Development timeline and related party interest

Tropicana said it expects to commence development on the Tanjung Mali parcel by 4Q2026, upon fulfilment of the CPs, with the acquisition targeted for full implementation by July 15, this year. 

The intended development concept is sustainable residential and agro-tourism, consistent with the broader strategy outlined for the combined Langkawi landholding.

On the related party dimension, Tropicana clarified that its founder and major shareholder Tan Sri (Danny) Tan Chee Sing's interest in the proposed acquisition arises from a financing arrangement between TMRDSB — the vendor — and Tan himself, whereby payments made by Tan to TMRDSB were applied as settlement on financing between the two parties. 

Tropicana confirmed there are no other related party transactions with TMRDSB or the interested parties named in Section 8 of the original announcement for the preceding 12 months beyond the two transactions announced on April 28.

TMRDSB's substantial shareholders are Shahril Abdul Salam (99.8%), Abdul Razak Mohd Omar (0.1%) and Tajudin Mohd Yusuff (0.1%), who also serve as its directors.

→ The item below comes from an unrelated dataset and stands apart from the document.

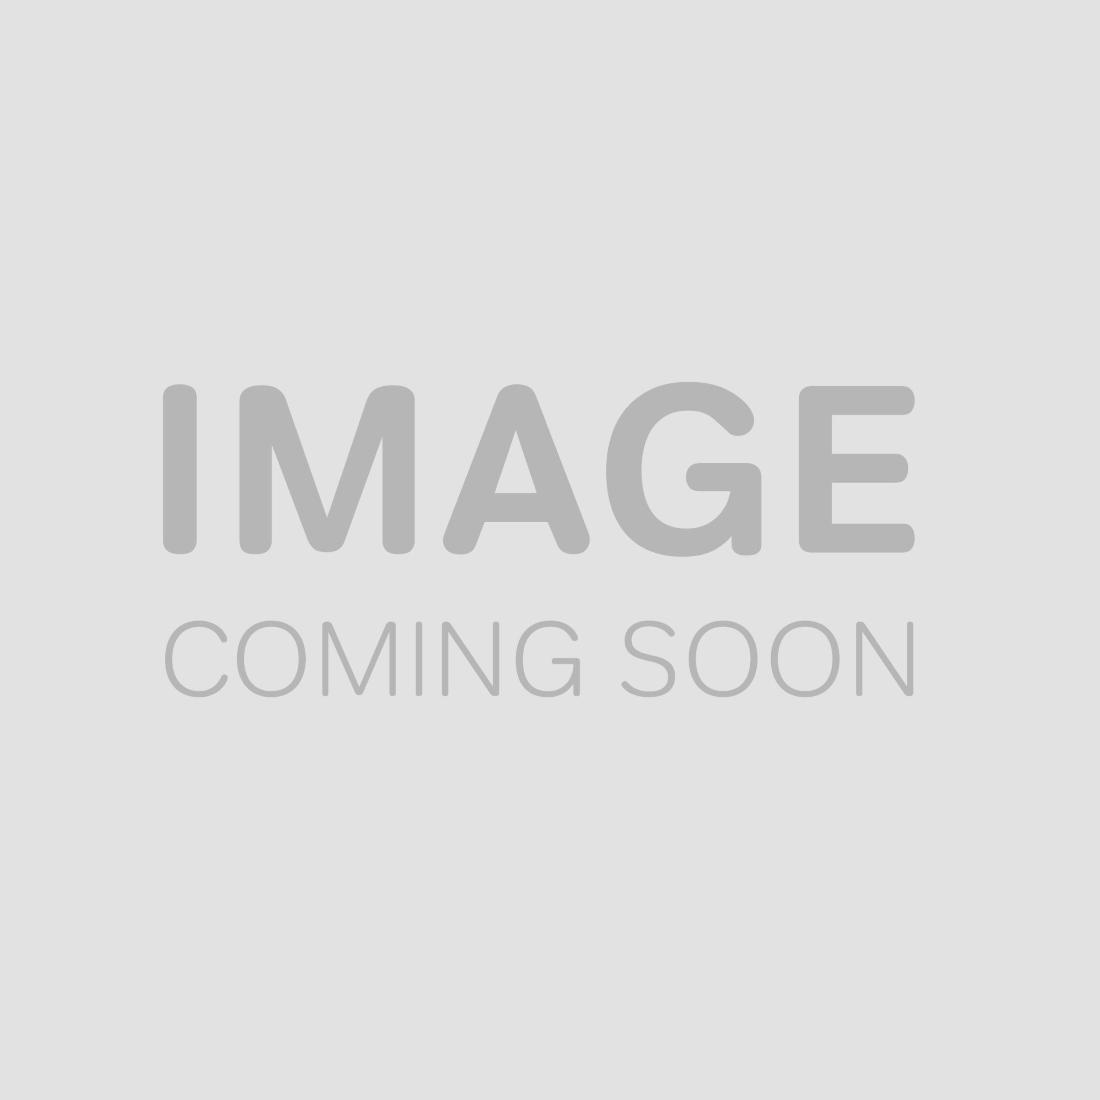 Washable Unisex Vinyl Pull On Pant - EXTRA LARGE - Pack of 3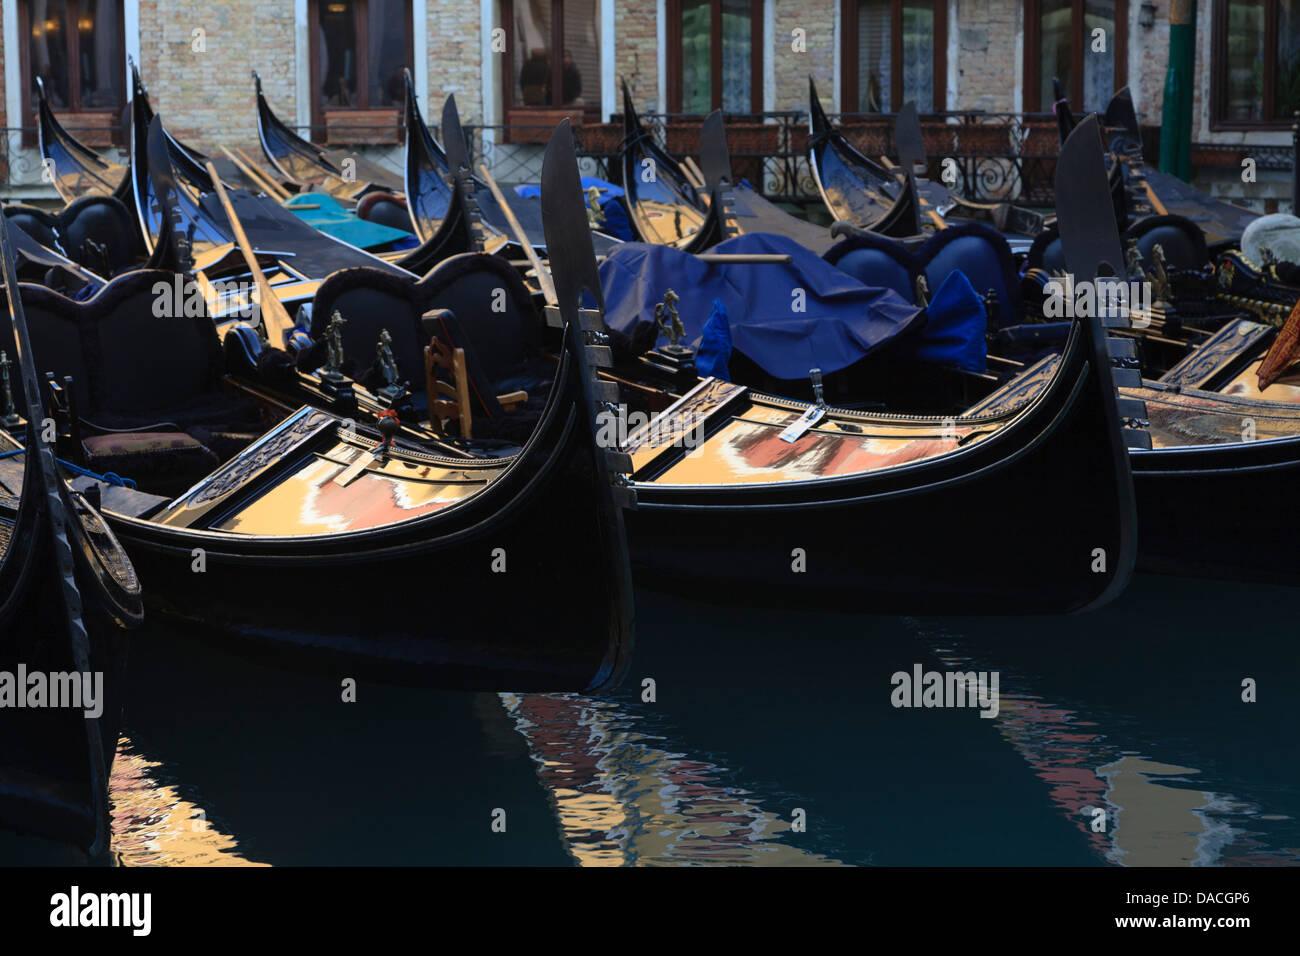 Gondolas parking, Bacino Orseolo, Servizio Gondole, Venice, Italy - Stock Image

Board and audit committee oversight

Tropicana confirmed that the board of directors and audit committee of the listed entity were formally briefed on the full commercial terms of the transaction only on April 28 — the date of announcement — as the transaction had been executed at the subsidiary level pending resolution of title complexities and land-use verifications. 

The board relied on a discounted market valuation from Firdaus & Associates and the group's established track record in Langkawi, citing the successful Tropicana Cenang development, in concluding the acquisition was commercially justified.

The SPA and valuation report are available for inspection at Tropicana's registered office at Unit 1301, Level 13, Tropicana Gardens Office Tower, No. 2A, Persiaran Surian, Tropicana Indah, 47810 Petaling Jaya, Selangor.